In the entries below, find the line with "According to police, Este-von" and the line with "Kid's Frosted Script Name Necklace"; copy them and every line between them exactly, but not the pictures.

DATA SECTION START

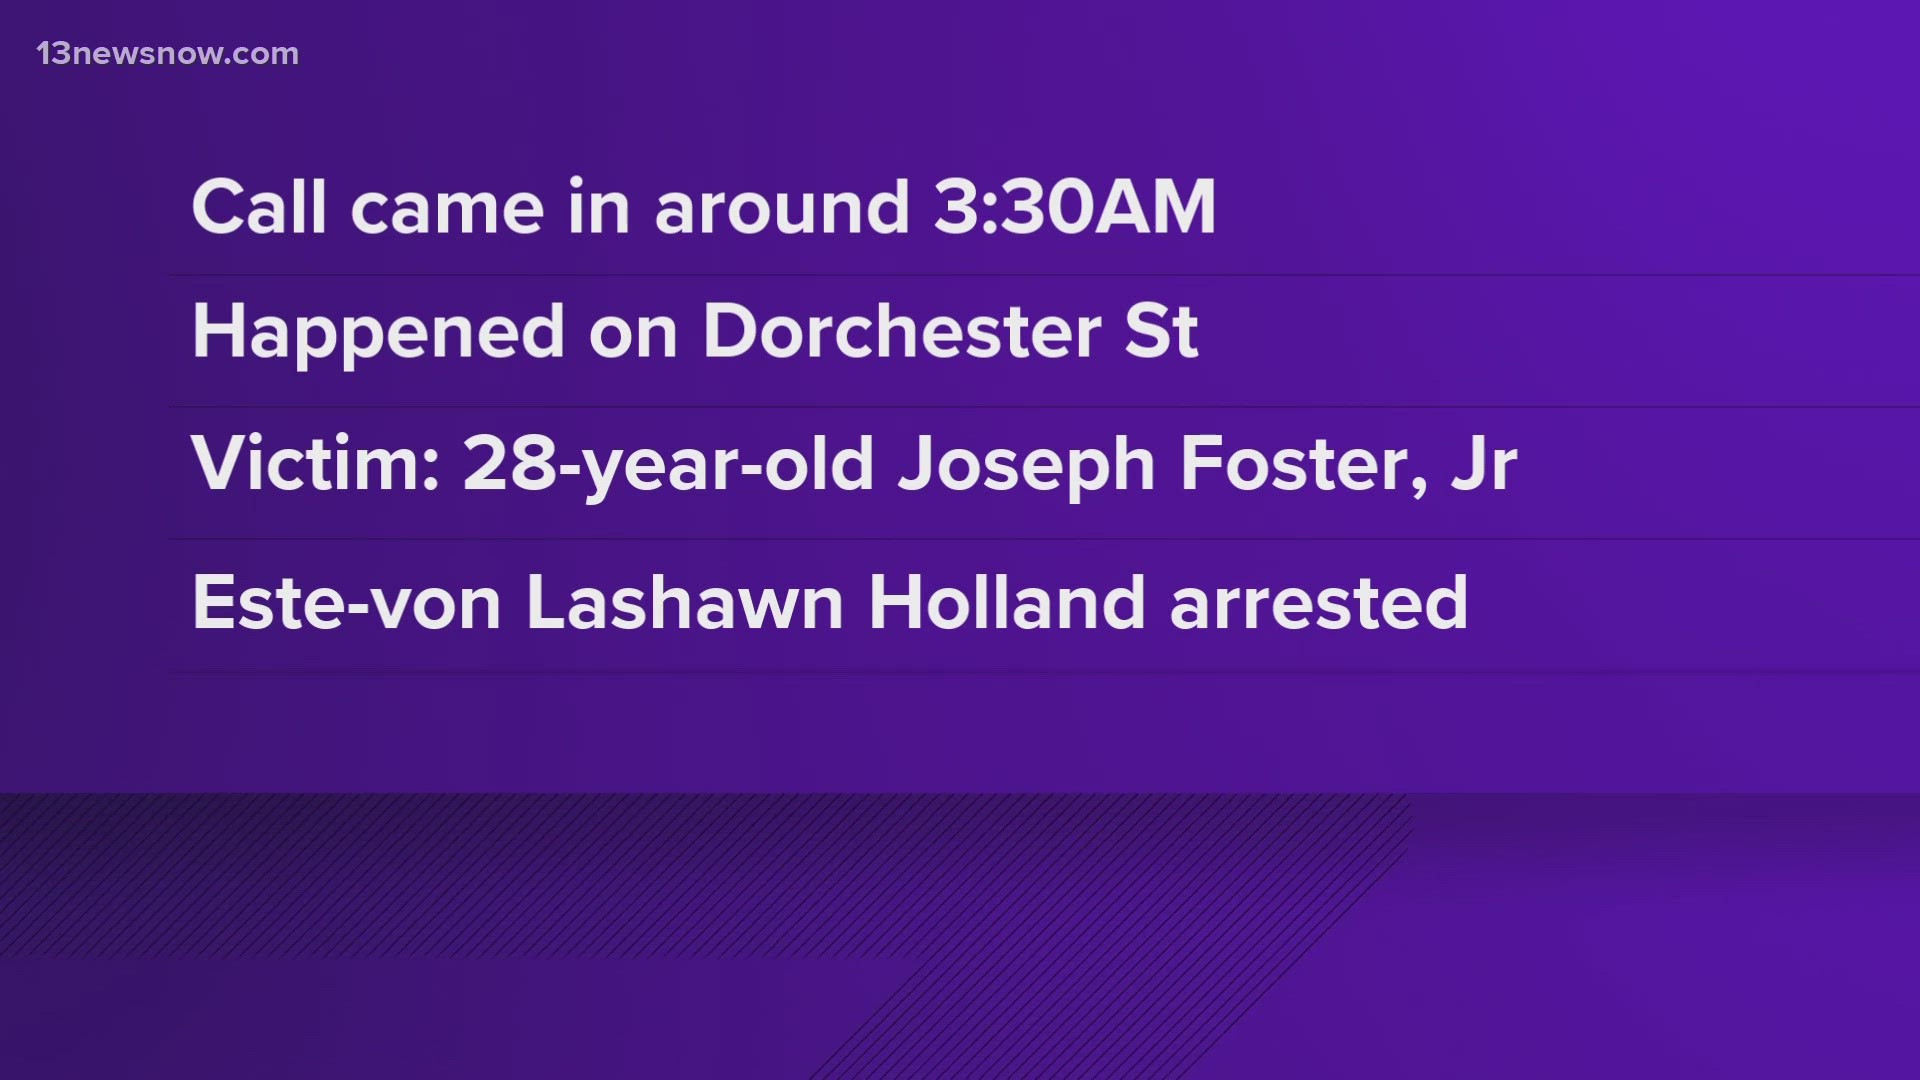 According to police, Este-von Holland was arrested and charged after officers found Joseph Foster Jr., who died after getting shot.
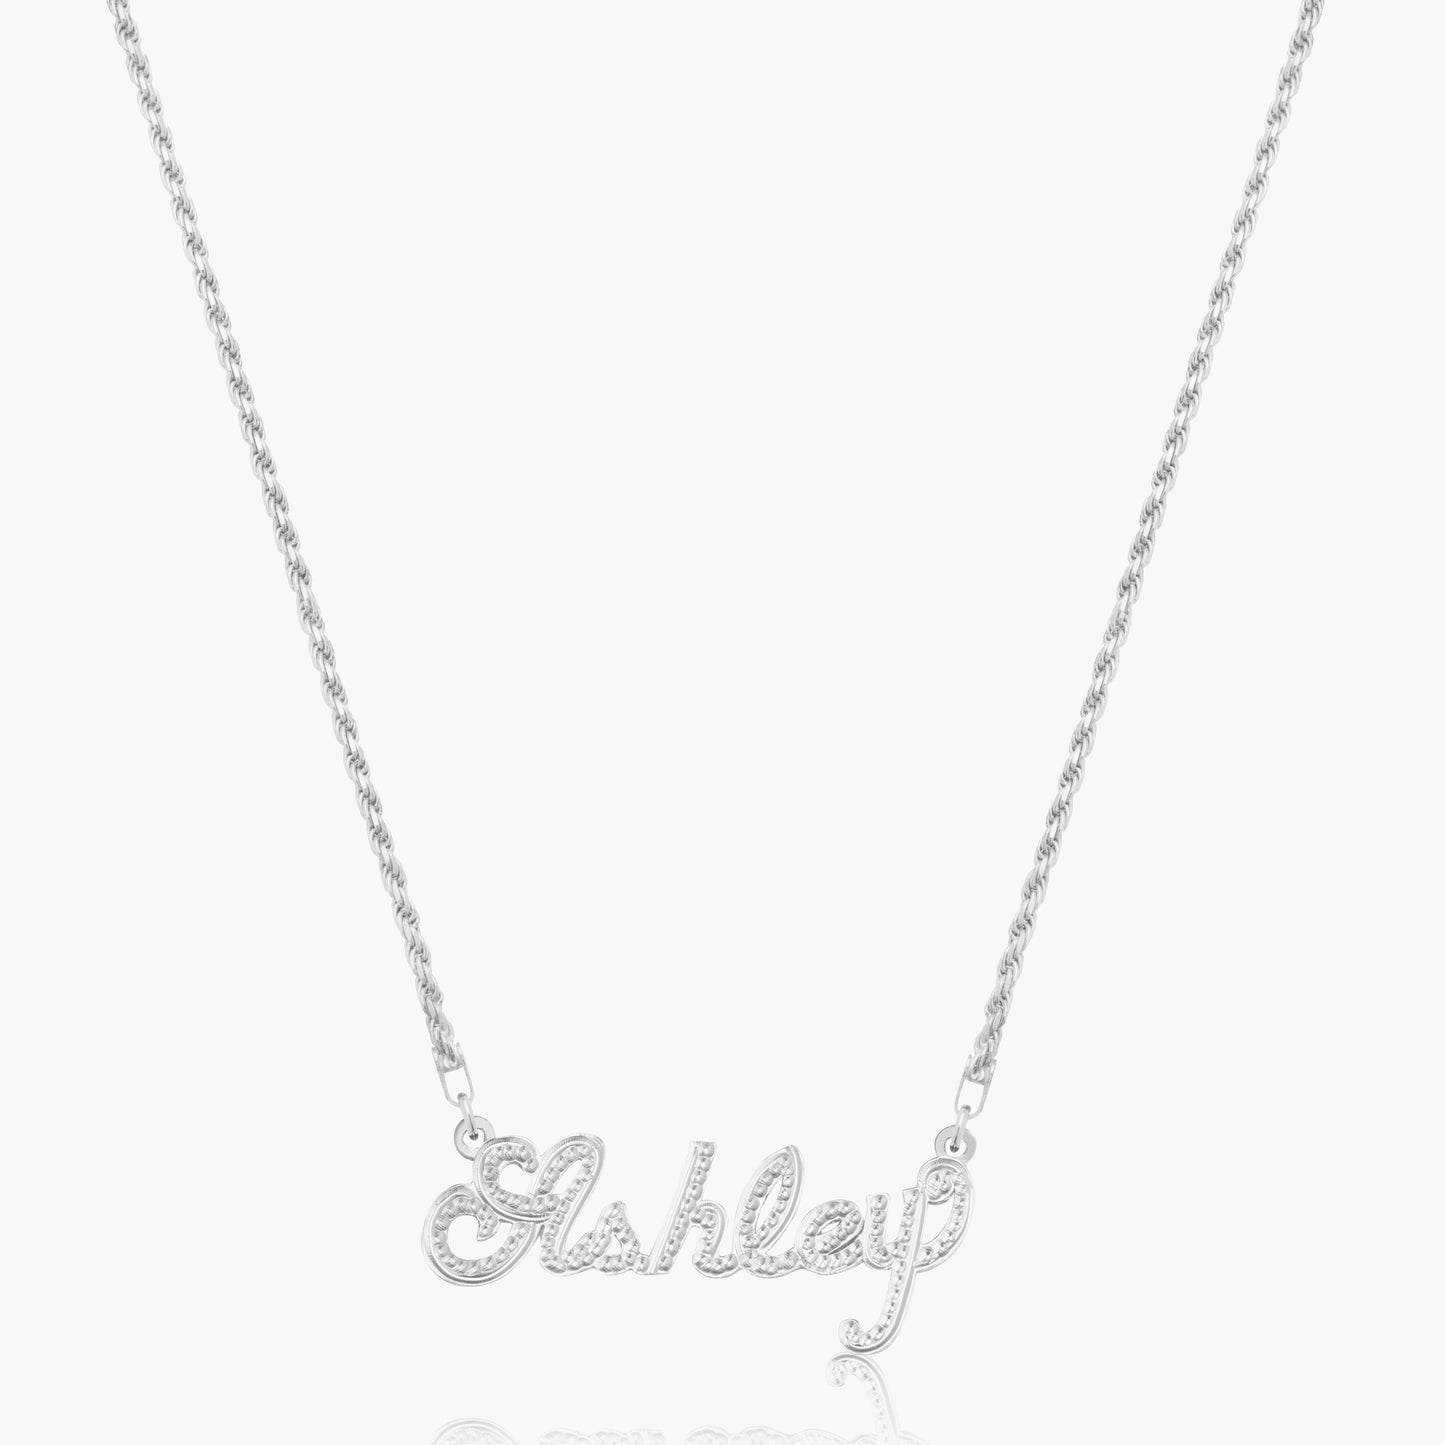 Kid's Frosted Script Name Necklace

DATA SECTION END
DATA SECTION START

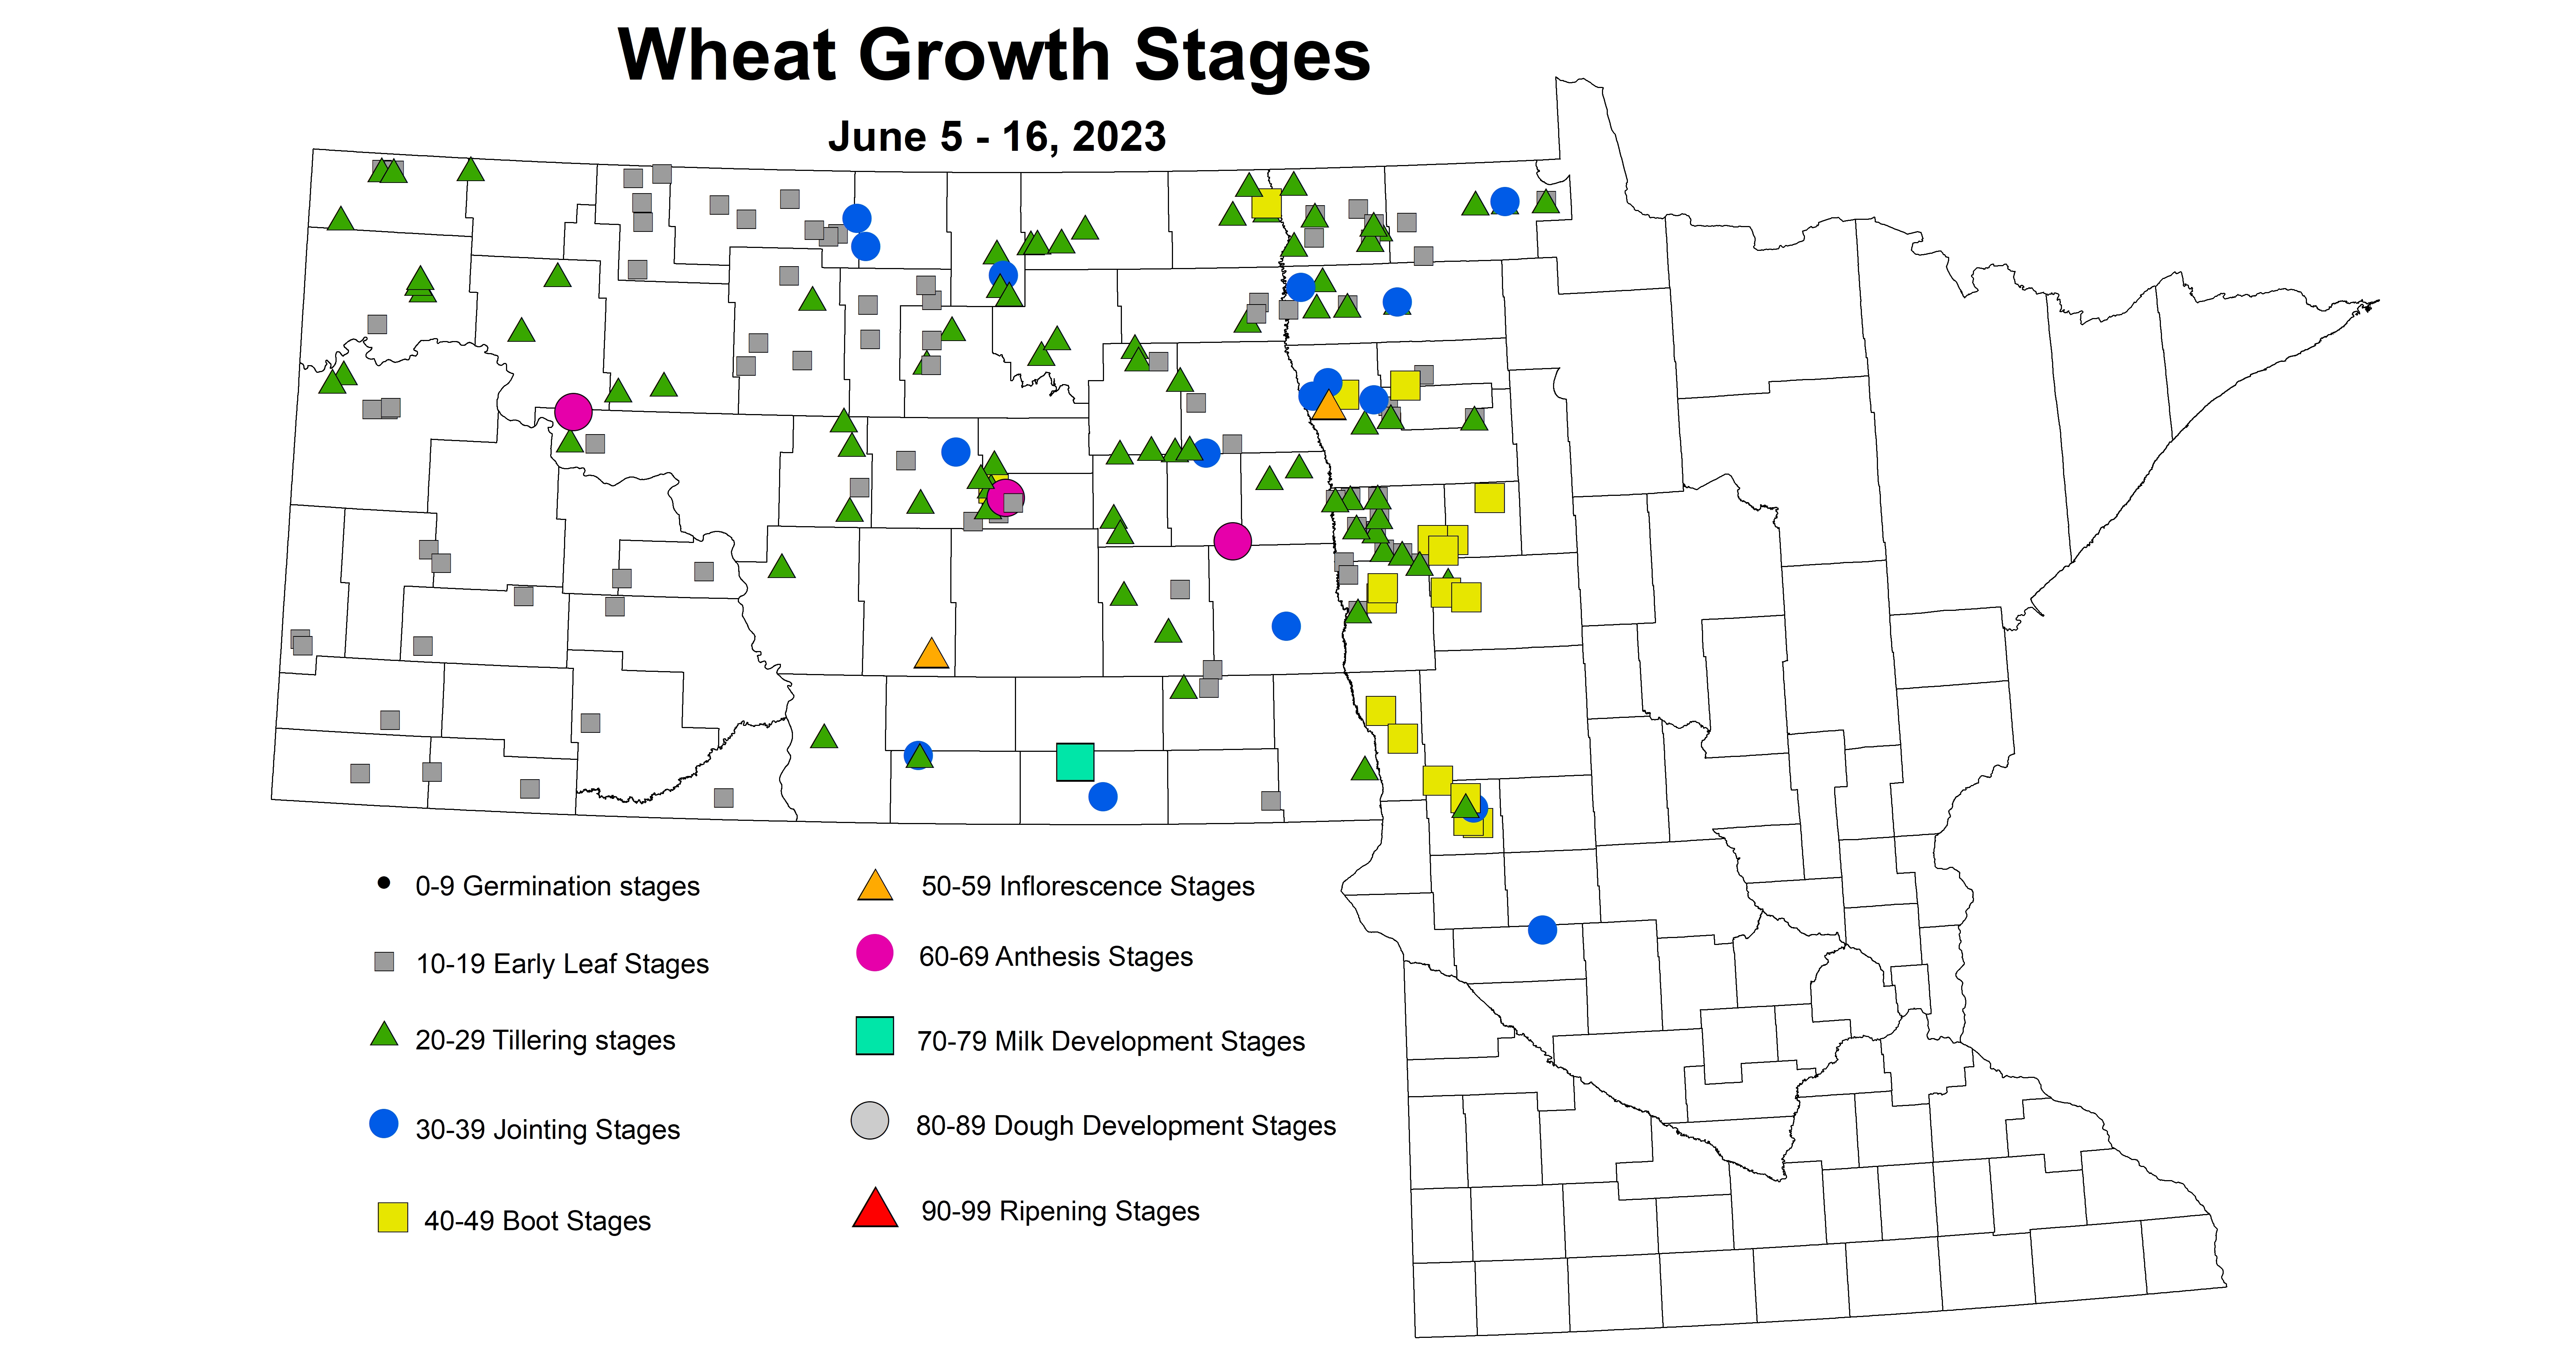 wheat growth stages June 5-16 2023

DATA SECTION END

ANSWER TO THIS TASK>
 According to police, Este-von Holland was arrested and charged after officers found Joseph Foster Jr., who died after getting shot.
 Kid's Frosted Script Name Necklace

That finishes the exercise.